Finding a reliable route from A to B becomes somebody else's problem.
WLCG Nagios uses its message bus to pass the results of tests to a central monitoring service. Technical details can be found on https://twiki.cern.ch/twiki/bin/view/EGEE/UseLocalActiveMQForMessaging.
The latest APEL client sends records wrapped in messages rather than attempting immediate database updates. Again there are more technical details available from http://goc.grid.sinica.edu.tw/gocwiki/ApelHome.
In both cases, they are using the message bus to avoid information being lost when there is a backlog of data to be processed. As users of the UK public transport service are all too aware, buses are very good at waiting in traffic.
Thursday, 2 September 2010
NGS tool demos
1. Transcriptome Analysis using the NGS User Interface /Workload Management System (UI/WMS) – Jonathan Churchill, NGS, STFC RAL
The UI/WMS is a tool which allows users to easily submit jobs to the whole of the NGS relying on the WMS to chose which NGS resources to use for their jobs. Use of the UI/WMS will be demonstrated with a user case study in which analysis time of mRNA was decreased from a month to less than 12 hours.
2. Accessing the NGS using the Application Hosting Environment (AHE) – Stefan Zasada, UCL
An overview of how access to the NGS can be simplified using the Application Hosting Environment, a lightweight application portal system.
3. Using the HERMES data management tool – David Wallom, NGS, University of Oxford
Here we will show how easy it is to install and connect into various NGS resources to move data between them, your home institution and your desktop.

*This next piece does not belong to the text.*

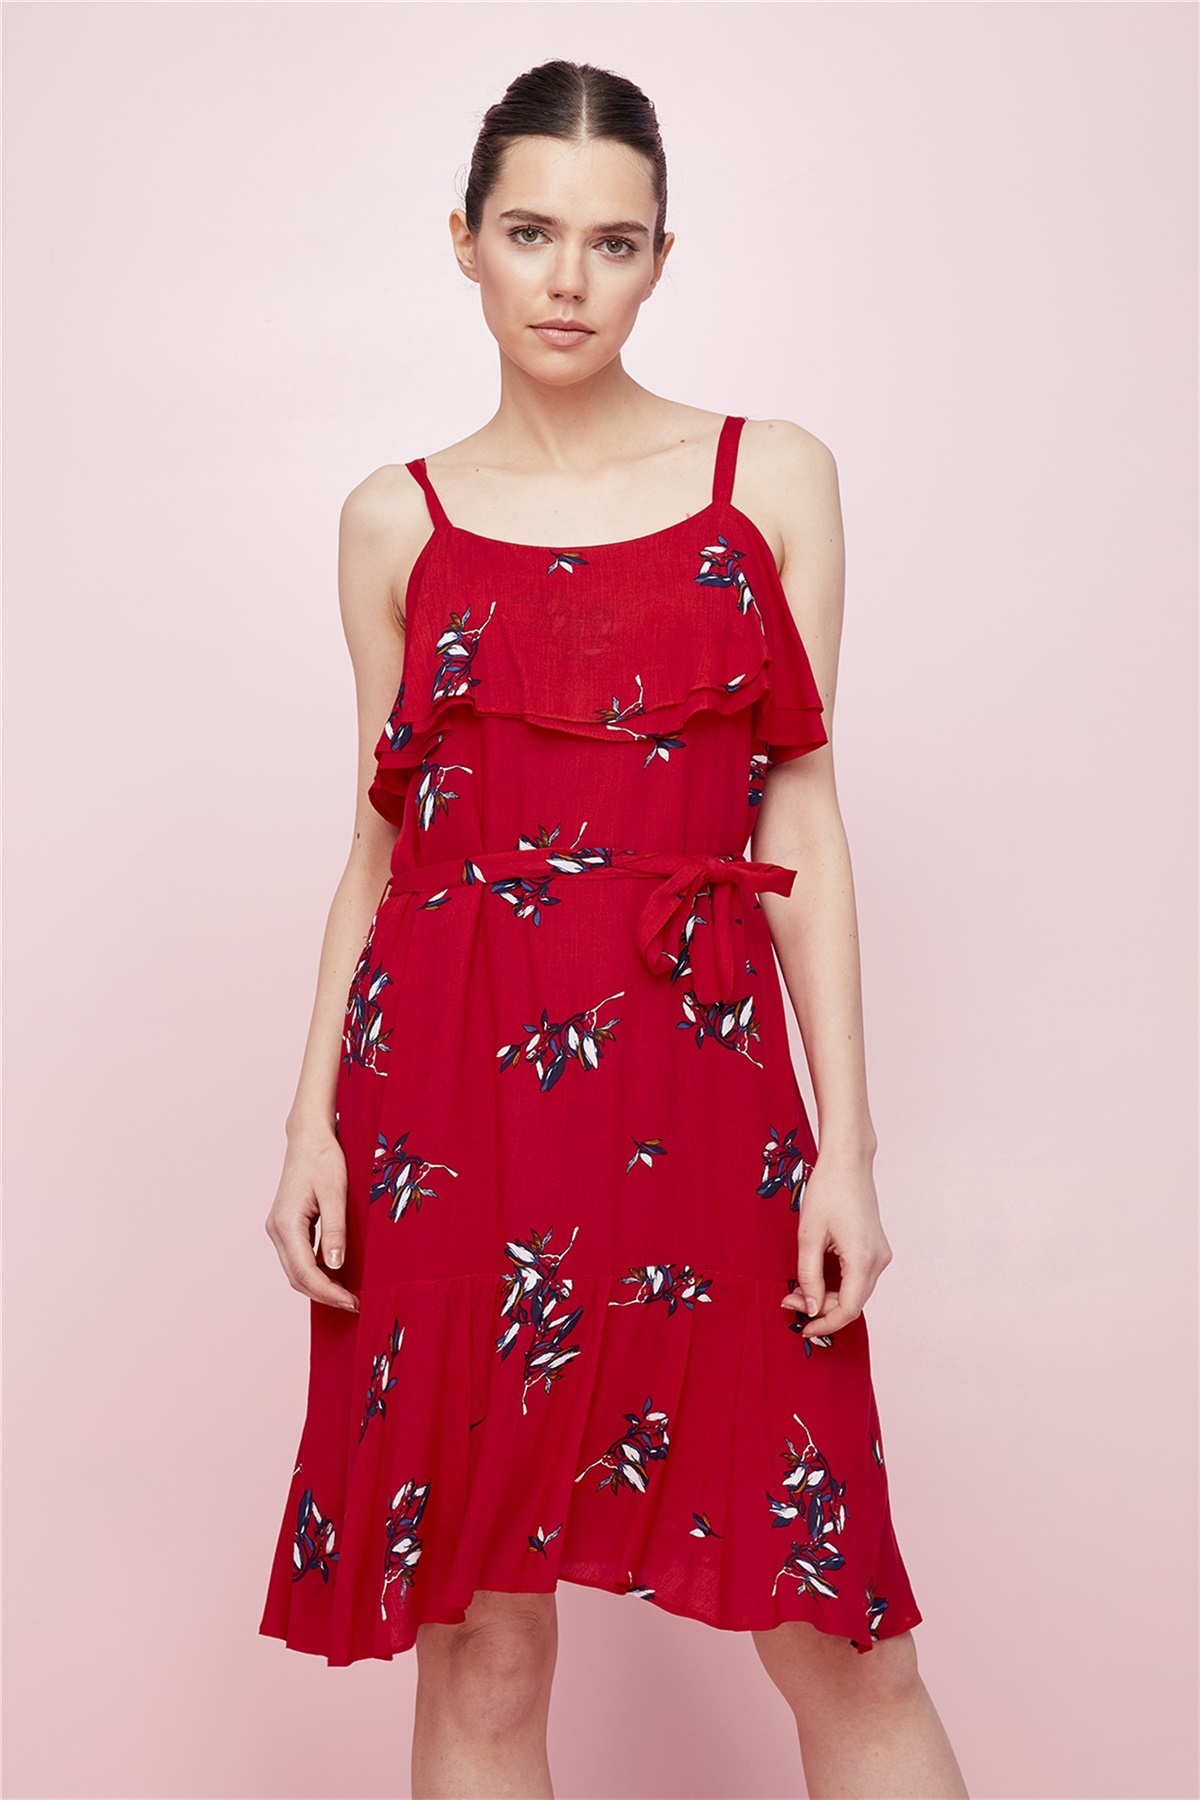 Elbise, Ön Yaka Ve Etek Altı Volanlı Parçalı, Askılı, Belden Kuşaklı Kırmızı  Çiçekli
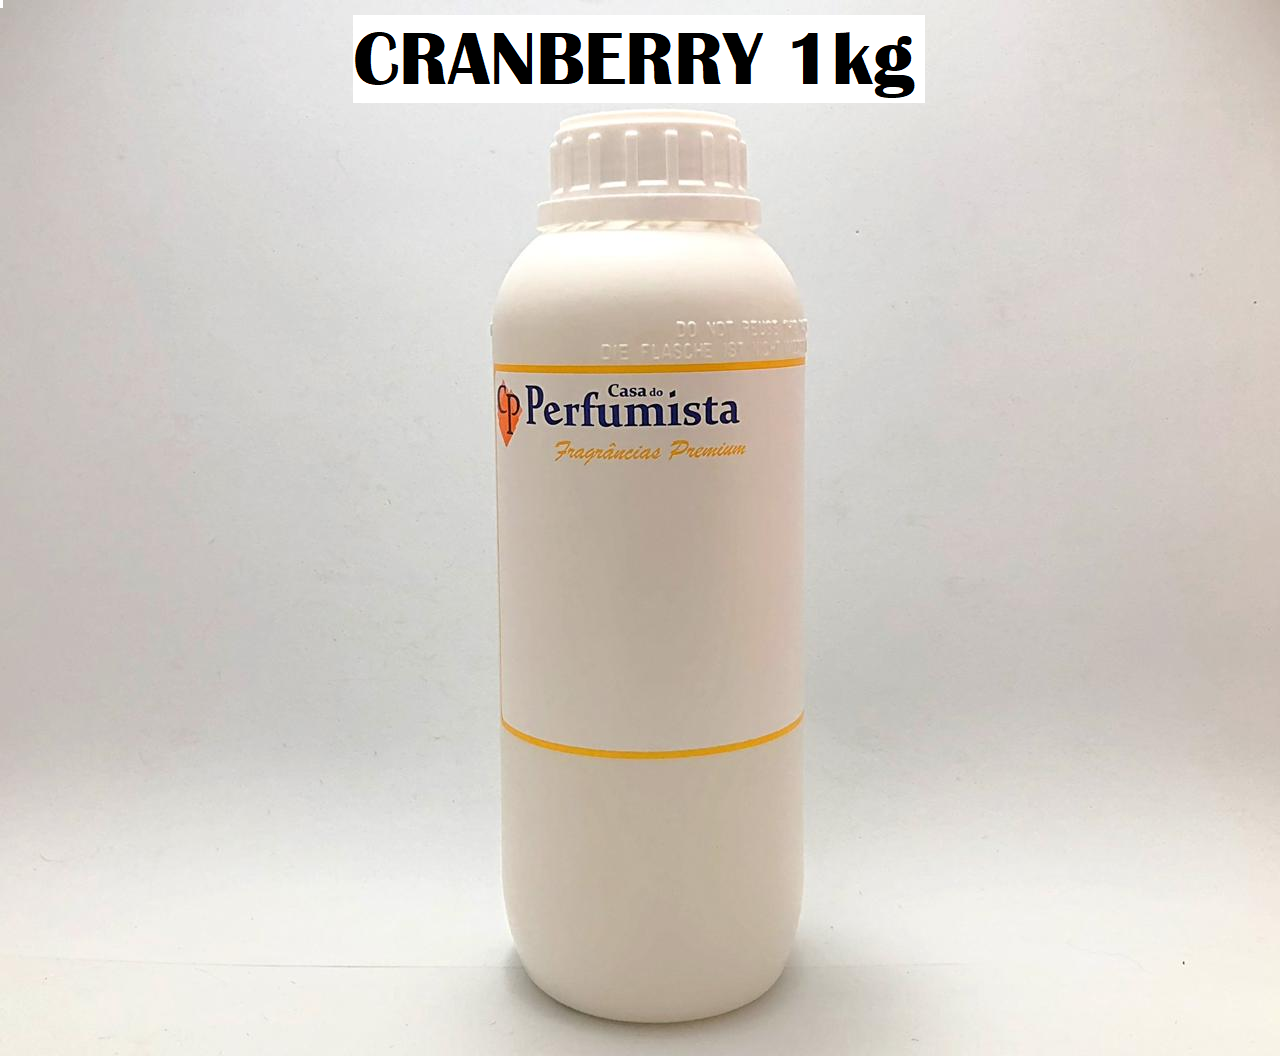 CRANBERRY - 1kg

4. The NGS from the CCP4 desktop – Matteo Turilli, NGS, University of Oxford
The NGS R&D theme have been working to build access to the NGS into the desktop tools that researchers use on a day-to-day basis, in this presentation we look at the example of CCP4: Software for Macromolecular X-Ray Crystallography.
We also have a presentation from the Director of the NGS -
The future of the NGS – Neil Geddes, NGS Director, STFC RAL
This presentation will look at the focus of activities for the NGS for the coming 2-3 years and possible longer term opportunities.
Remember that registration for the event is now open and that the call for poster abstracts closes on the 10th of September!